One route would be to implement the more accurate timestamp mechanisms
that currently are only available for HDA and Skylake (which I think is
the SoC version of HDA).
Looking at the code however, I think that may be unnecessary, at least
for my purposes. It may not actually be practical in many cases.
A call to snd_pcm_status() result in snd_pcm_update_hw_ptr0() being
called. This gets the current output position (pos) via
substream->ops->pointer(substream) and then makes all the other
calculations based on the result. In theory, the result of
substream->ops->pointer() could be sample accurate but in practice it is
very unlikely to be better than period accurate. In fact, if I read it
right, it will just about always be accurate to the point of the last
period interrupt. Even when a DMA driver claims support of
DMA_RESIDUE_GRANULARITY_BURST, it is often the case that the actual
granularity is a period.
The consequence of all that is that, for most drivers, the accuracy of a
status report is period time. The result values, tstamp & audio_tstamp,
are calculated using the current time and the pos estimate from above.

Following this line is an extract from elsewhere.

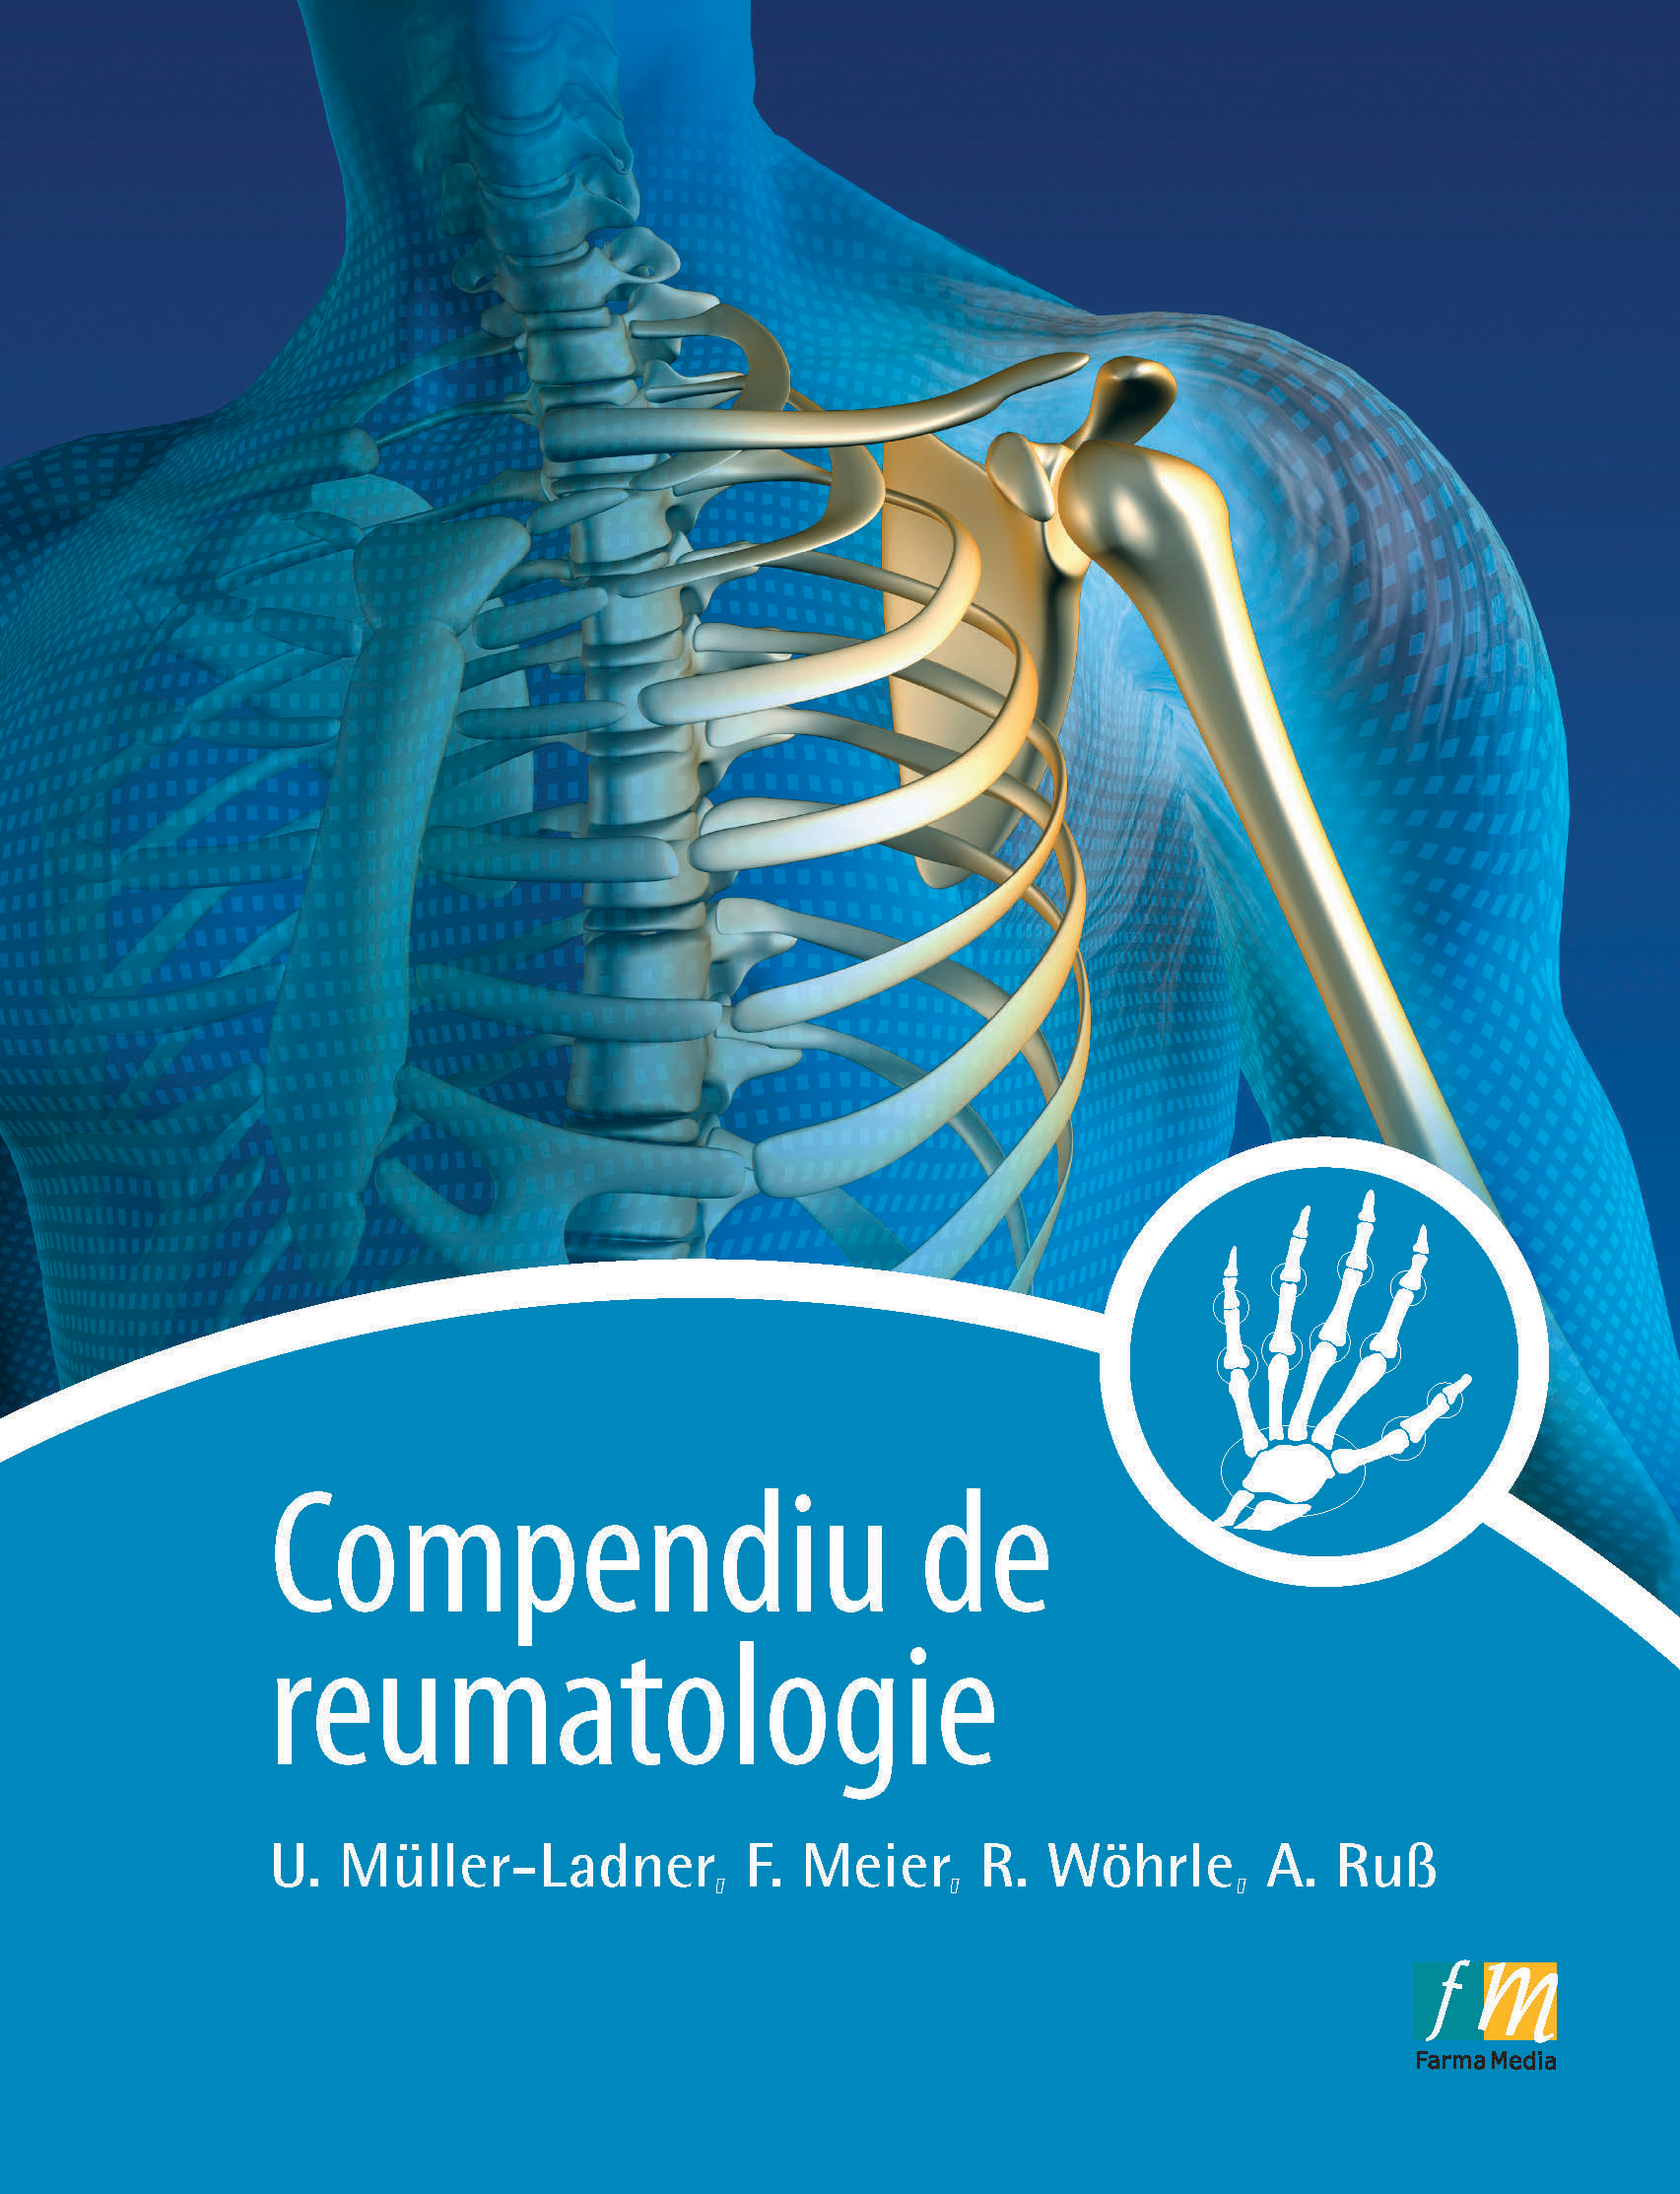 Compendiu De Reumatologie - U. Muller-Ladner, F. Meier, R. Wohrle, A. Rub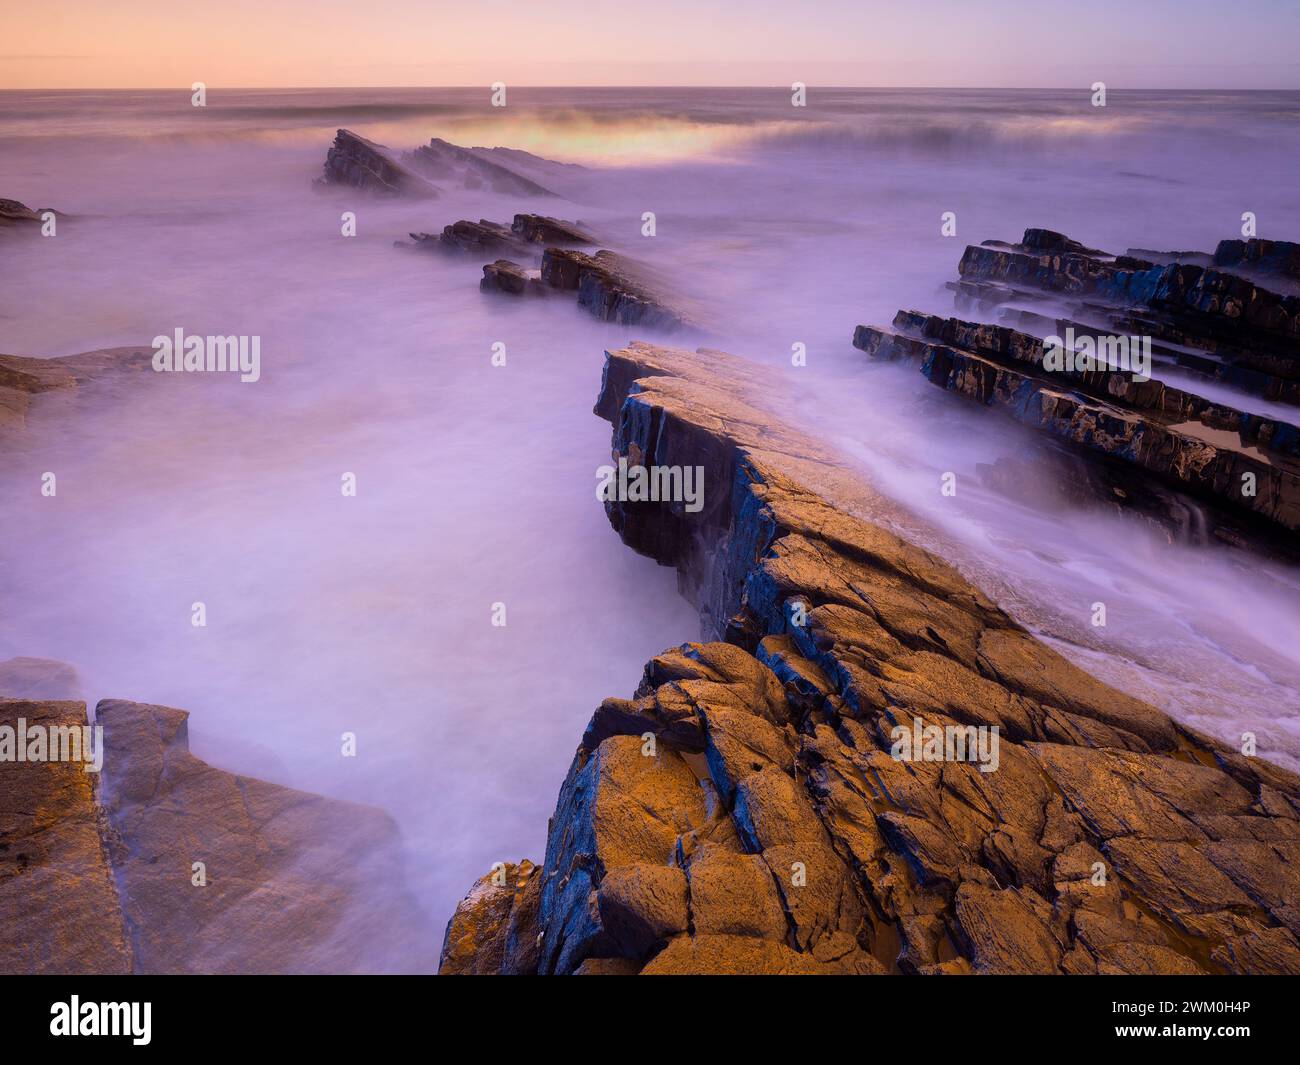 Portugal, Alentejo, Zambujeira do Mar, Long exposure of rocky beach at dusk Stock Photo

snd_pcm_update_hw_ptr0() is also called when there is a DMA interrupt.
At that time the calculate results will be accurate, or at worst
consistently inaccurate (there could be a constant offset). It would be
useful if a snd_pcm_status() call would simply return the results from
the point of the last interrupt, and not try to estimate a current value
based on the inaccurate substream->ops->pointer() result. It could
either: (a) return the result from the time of the last interrupt, in
which case tstamp would be in the past and driver_tstamp would be now;
or (b) update audio_tstamp based on the elapsed time since it was
recorded. (b) effectively abandons the idea that a current position
report will be accurate outside of an interrupt callback but, even if it
is, doing so is unlikely to result in any loss of accuracy in practice
(assuming a drift of better than 40ppm and period time < 100ms).
Any comments on either of these approaches? I guess (b) is more
compatible with the current model.
Alan.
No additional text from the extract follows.